Compilation album by various artists
- Released: November 16, 2018
- Recorded: 2018
- Genre: Christmas
- Length: 29:49
- Label: Producer Entertainment Group

Various artists chronology
| Christmas Queens 3 (2017) | Christmas Queens 4 (2018) |  |

= Christmas Queens 4 =

Christmas Queens 4 is a holiday compilation album featuring covers of Christmas songs by contestants of the American reality competition television series RuPaul's Drag Race. The album was released by the label Producer Entertainment Group on November 16, 2018. It is the fourth installment of the Christmas Queens album series.

==Composition==
The album opens with Jinkx Monsoon performing a "jazzy" rendition of "Jingle Bell Rock" (1957) by Bobby Helms.
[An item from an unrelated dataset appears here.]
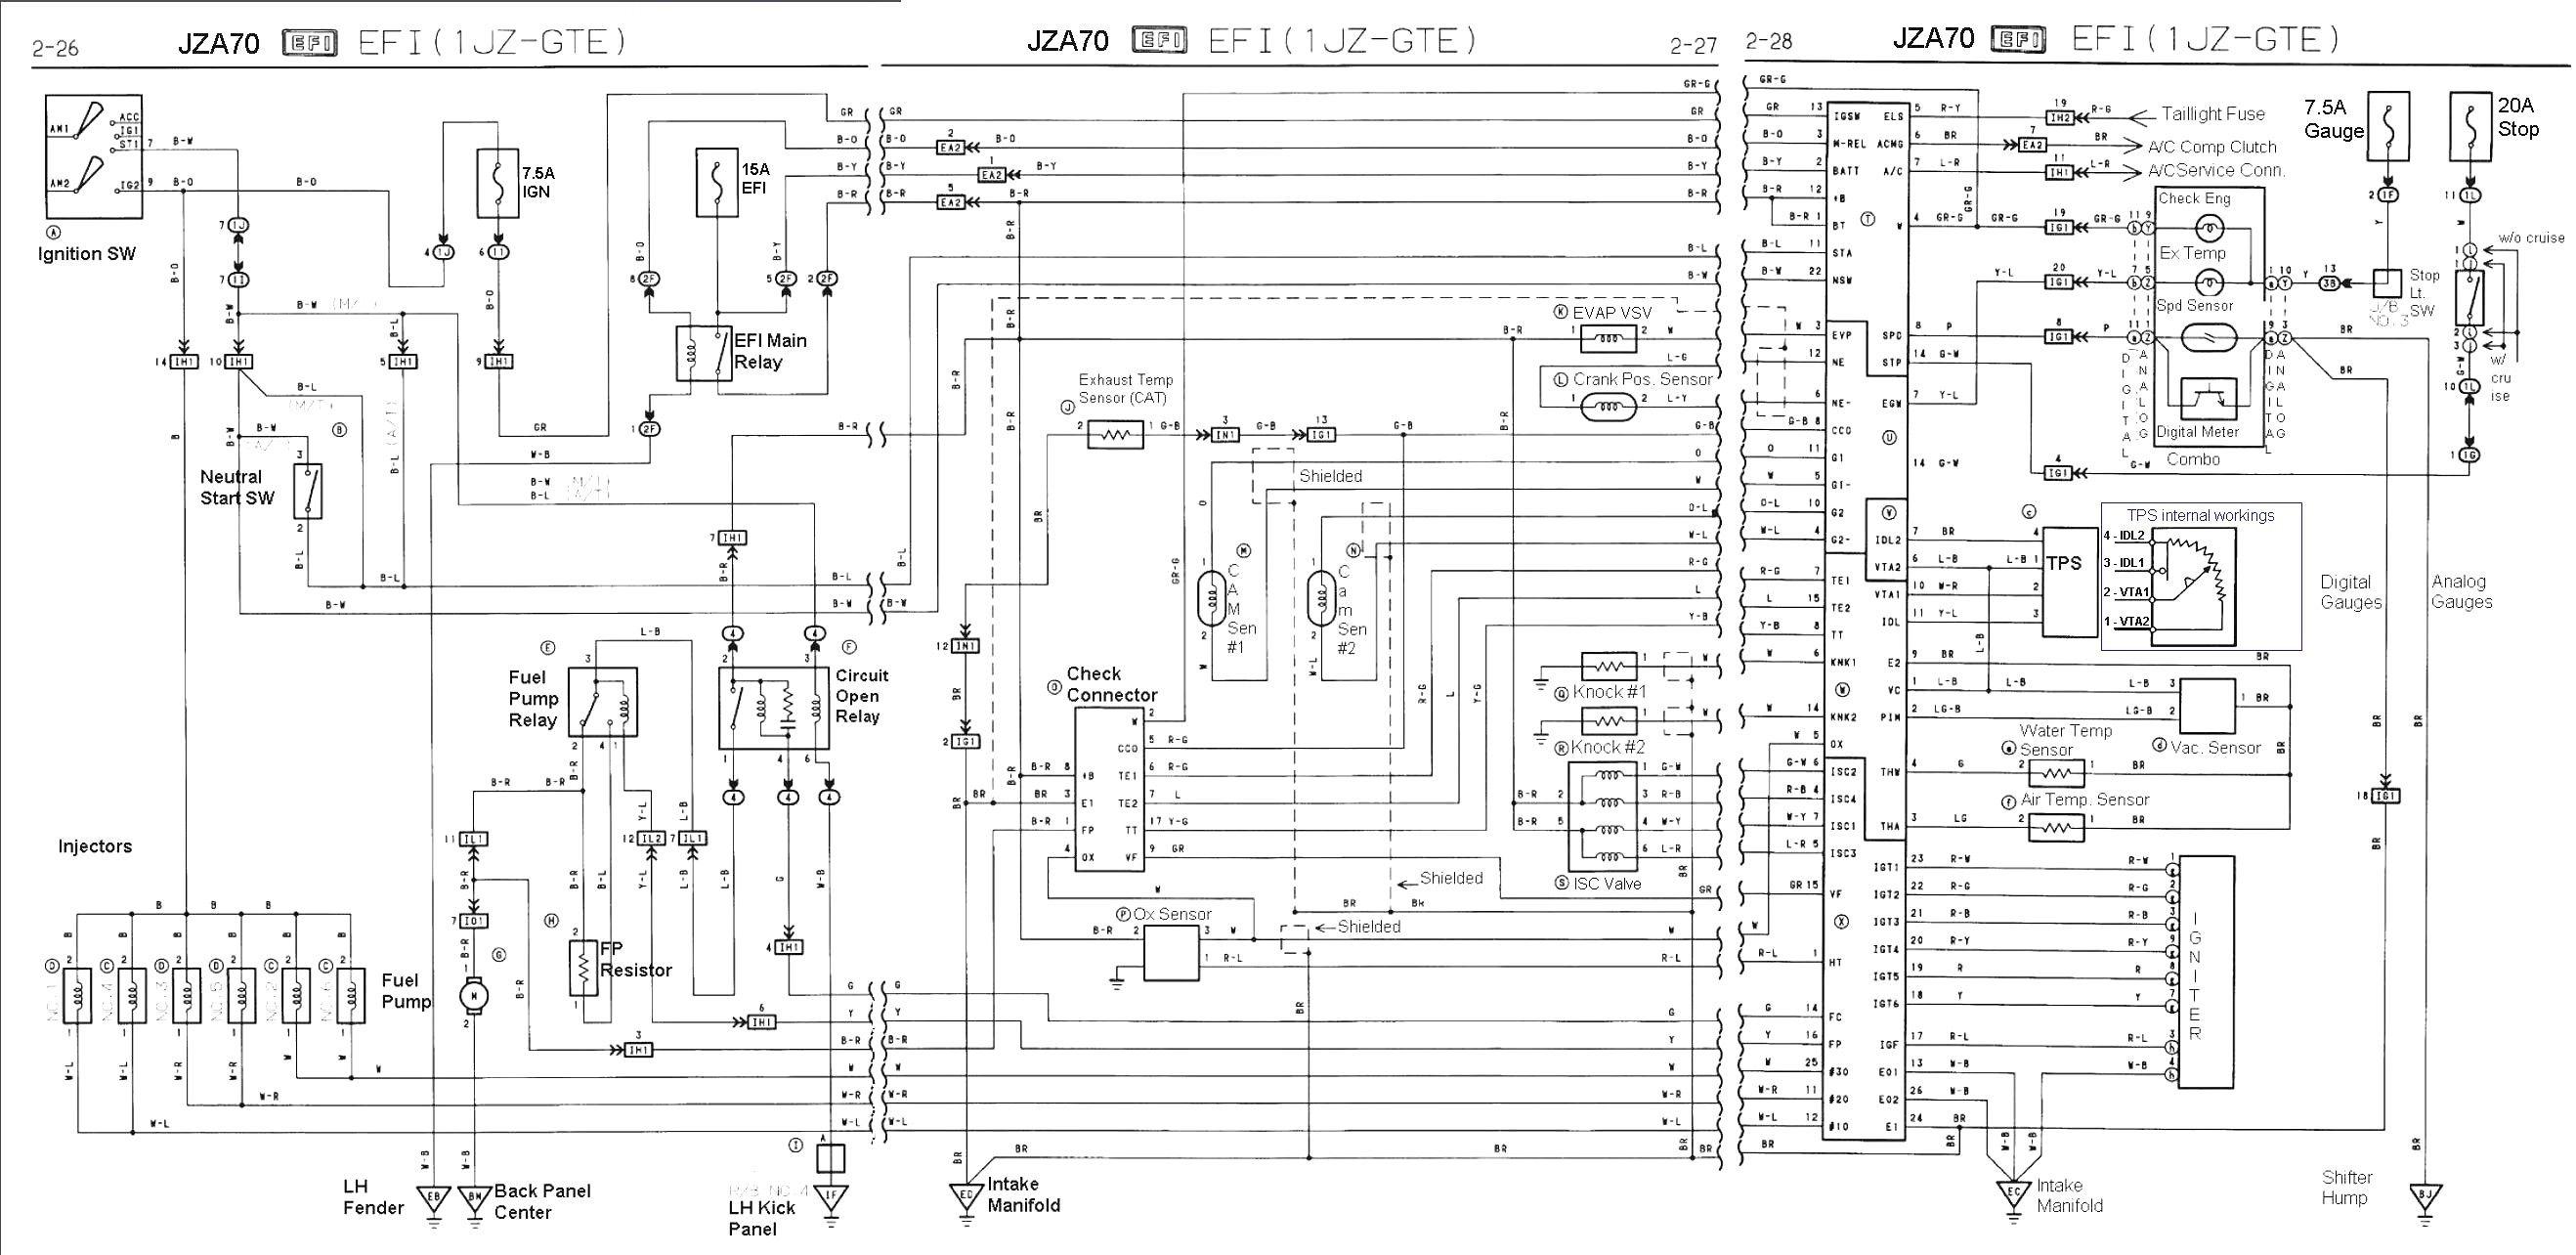 honeywell th4110d1007 wiring diagram

Jinkx Monsoon contributed to all four Christmas Queens albums.

Blair St. Clair performs an "EDM-infused" cover of "Last Christmas" (1984) by Wham!, and BeBe Zahara Benet performs a "dragged-up" remix of "Little Drummer Boy", written by Katherine Kennicott Davis in 1941. Manila Luzon covers "It's the Most Wonderful Time of the Year" (1963), written by Edward Pola and George Wyle. Alaska Thunderfuck follows with a "campy" rendition of "Santa Baby", originally released in 1953 by Eartha Kitt with Henri René and His Orchestra.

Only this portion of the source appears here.